══ GIVEN INFORMATION

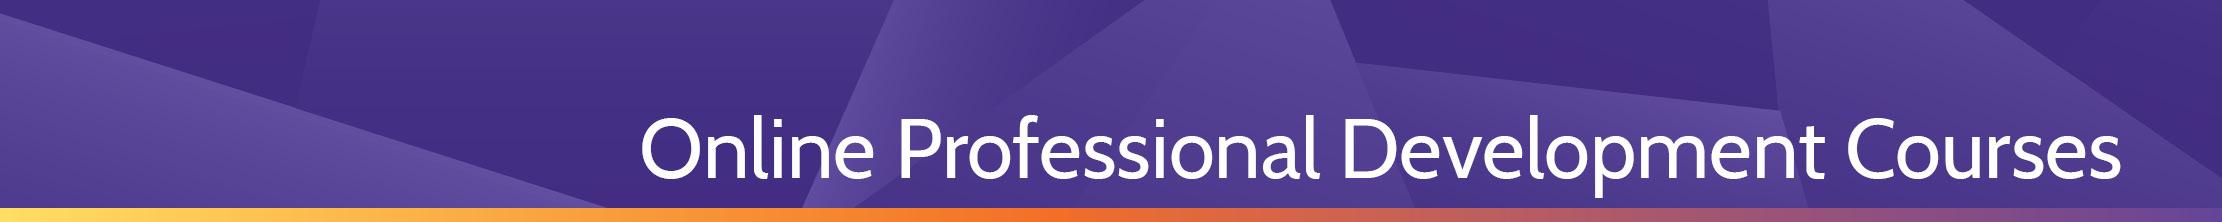 Online Professional Development Courses
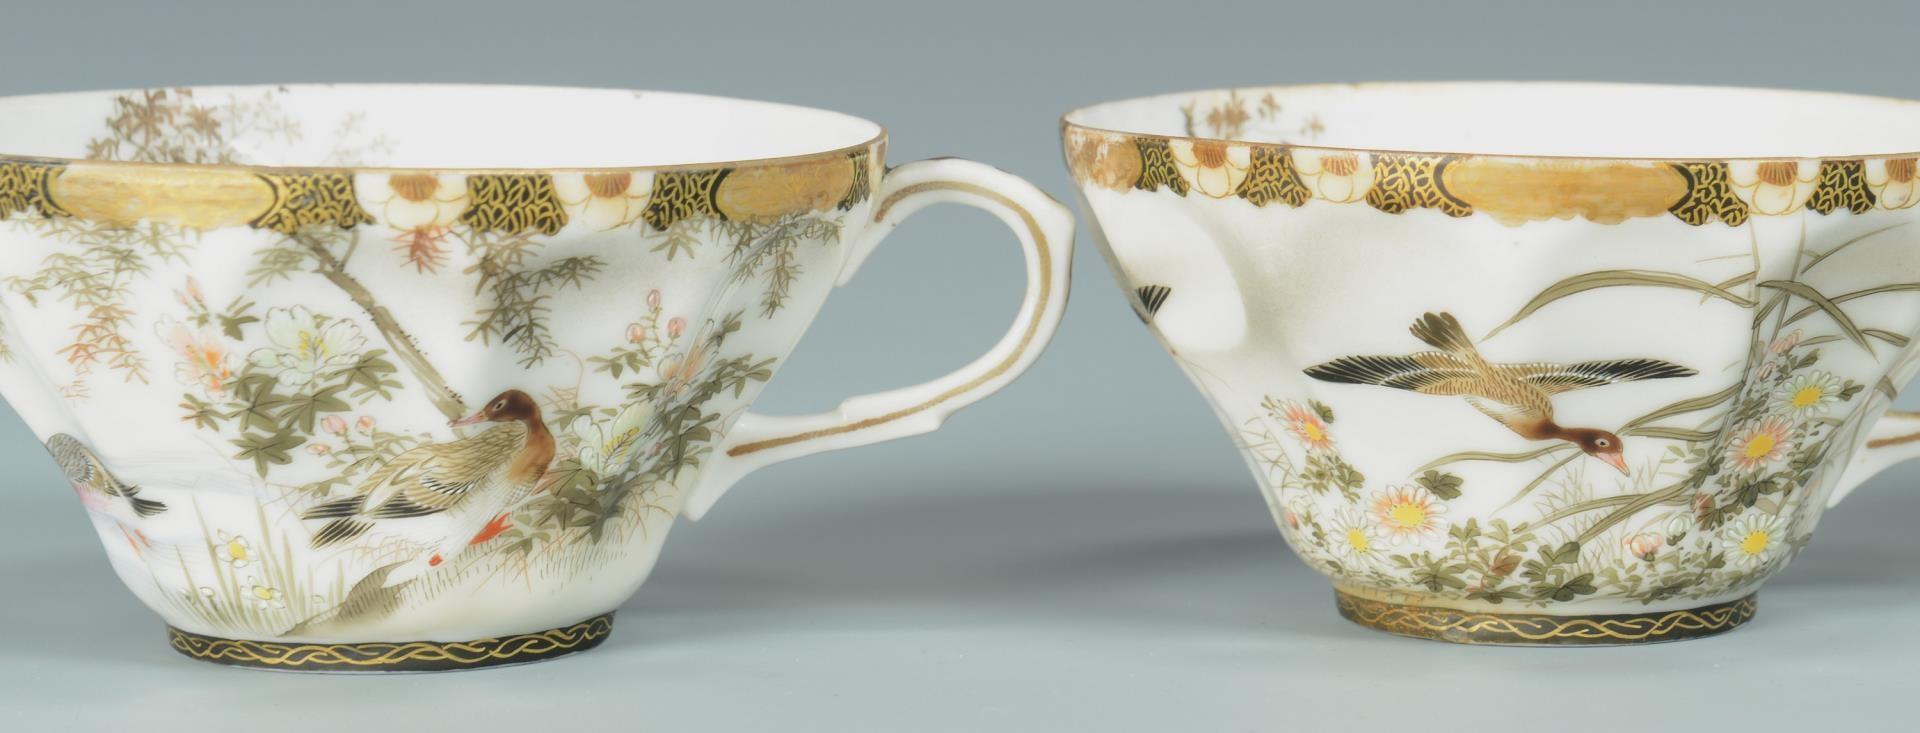 Lot 3594241: 19th c. Japanese Porcelain Set, Birds
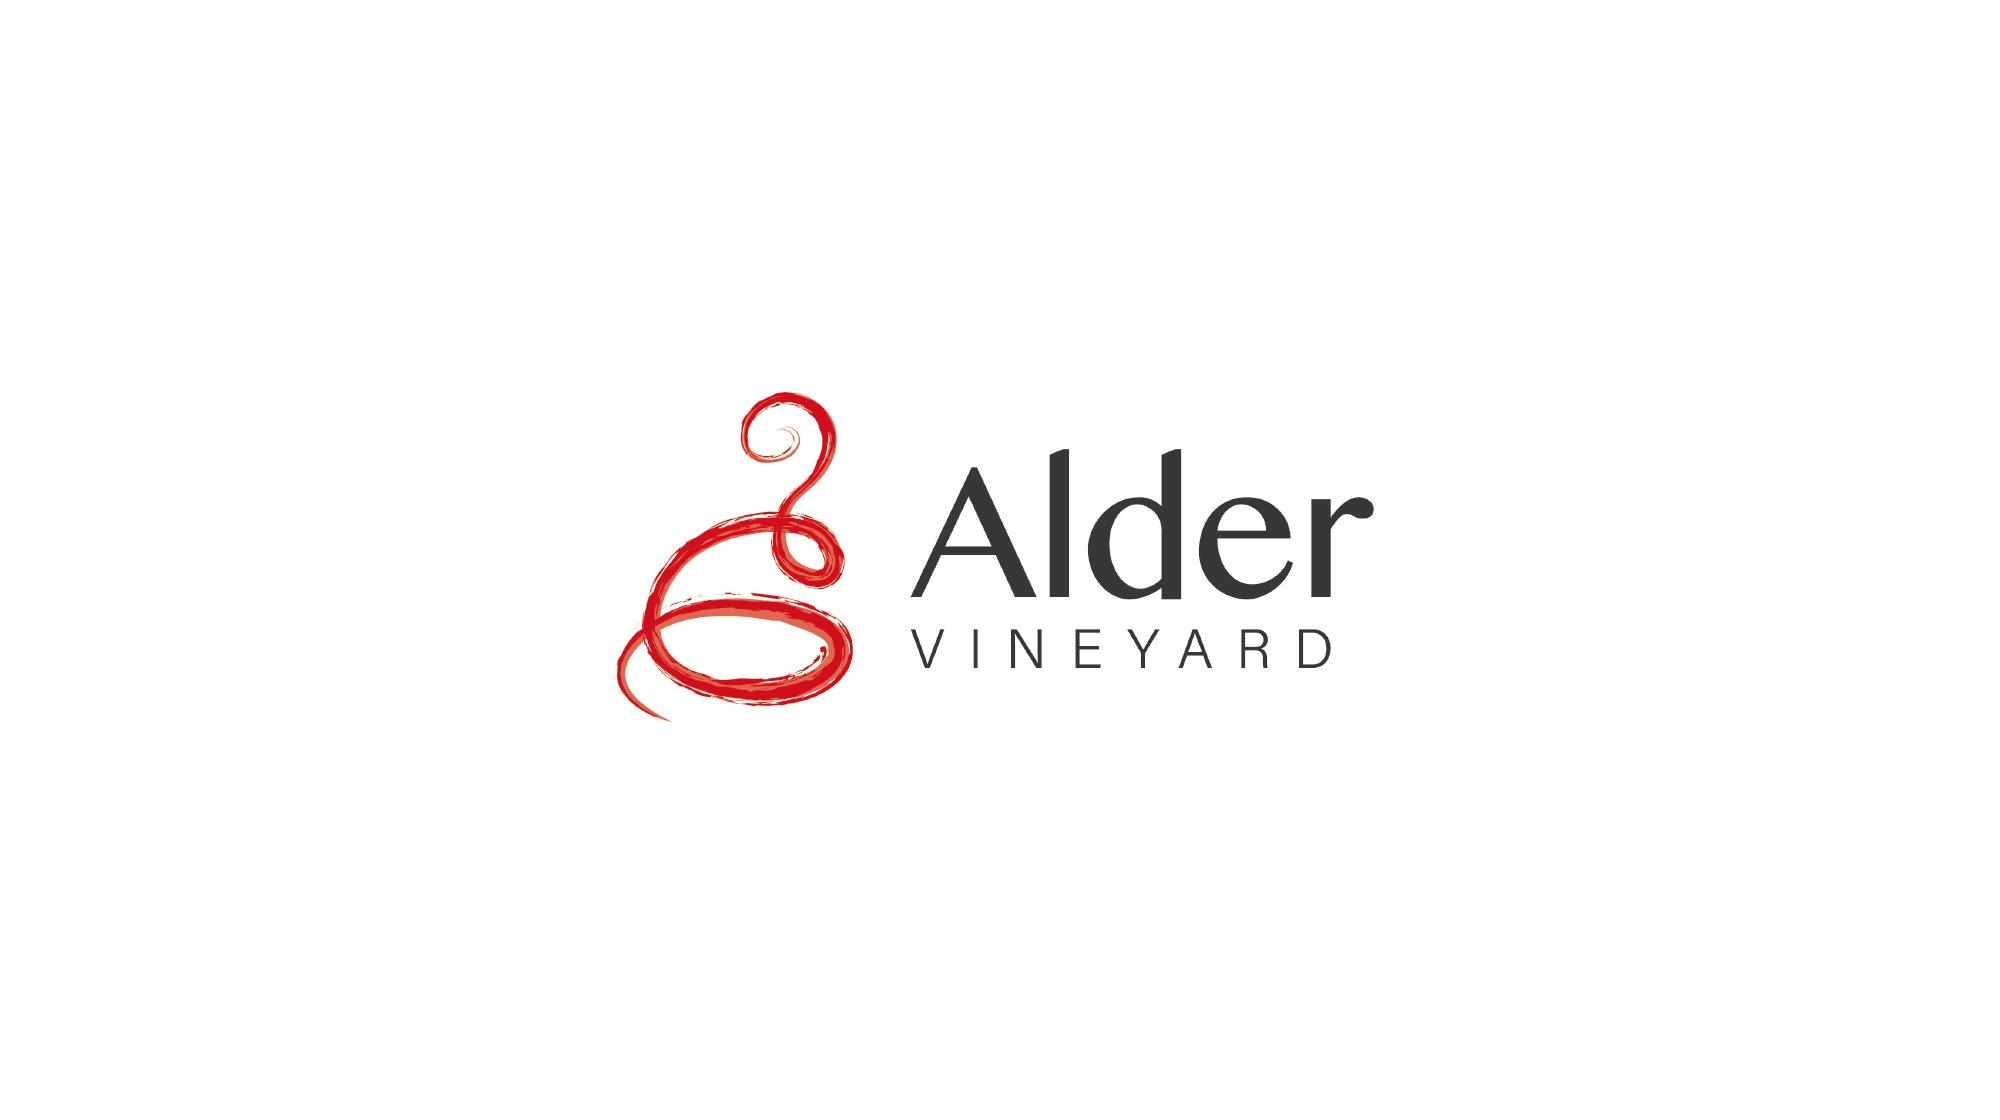 Logo header - Alder Vineyard Branding
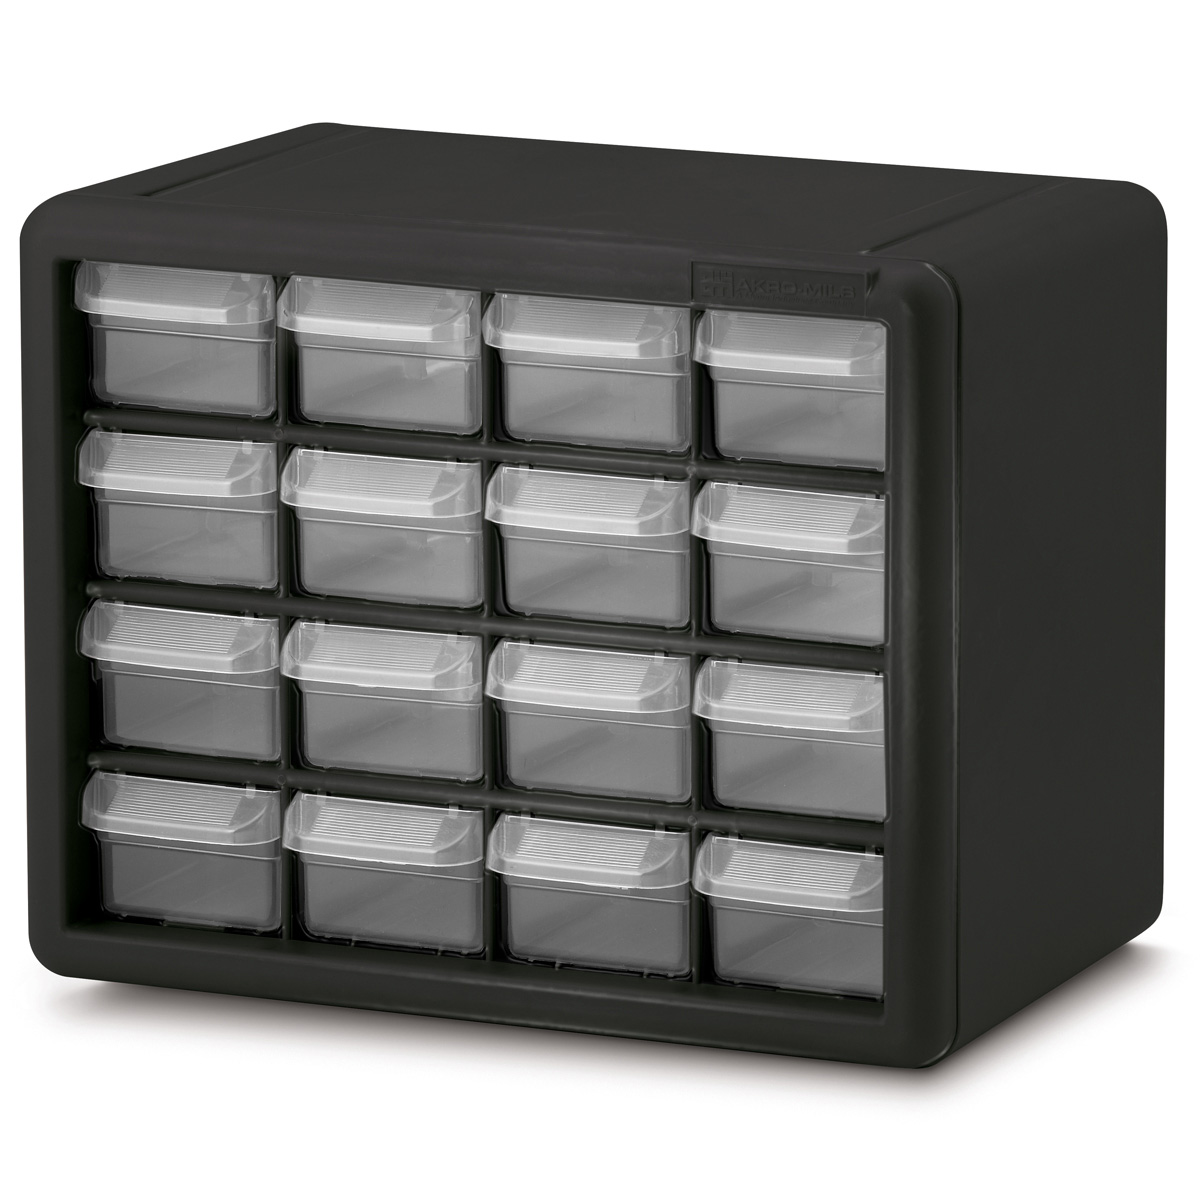 akro mils 10124 24 drawer plastic frame storage cabinet

════

What you give back should be exactly the lines from the line holding "Lot 3594241: 19th" through the final line of the material, both ends included, and please leave out the pictures.

 Lot 3594241: 19th c. Japanese Porcelain Set, Birds
 Logo header - Alder Vineyard Branding
 akro mils 10124 24 drawer plastic frame storage cabinet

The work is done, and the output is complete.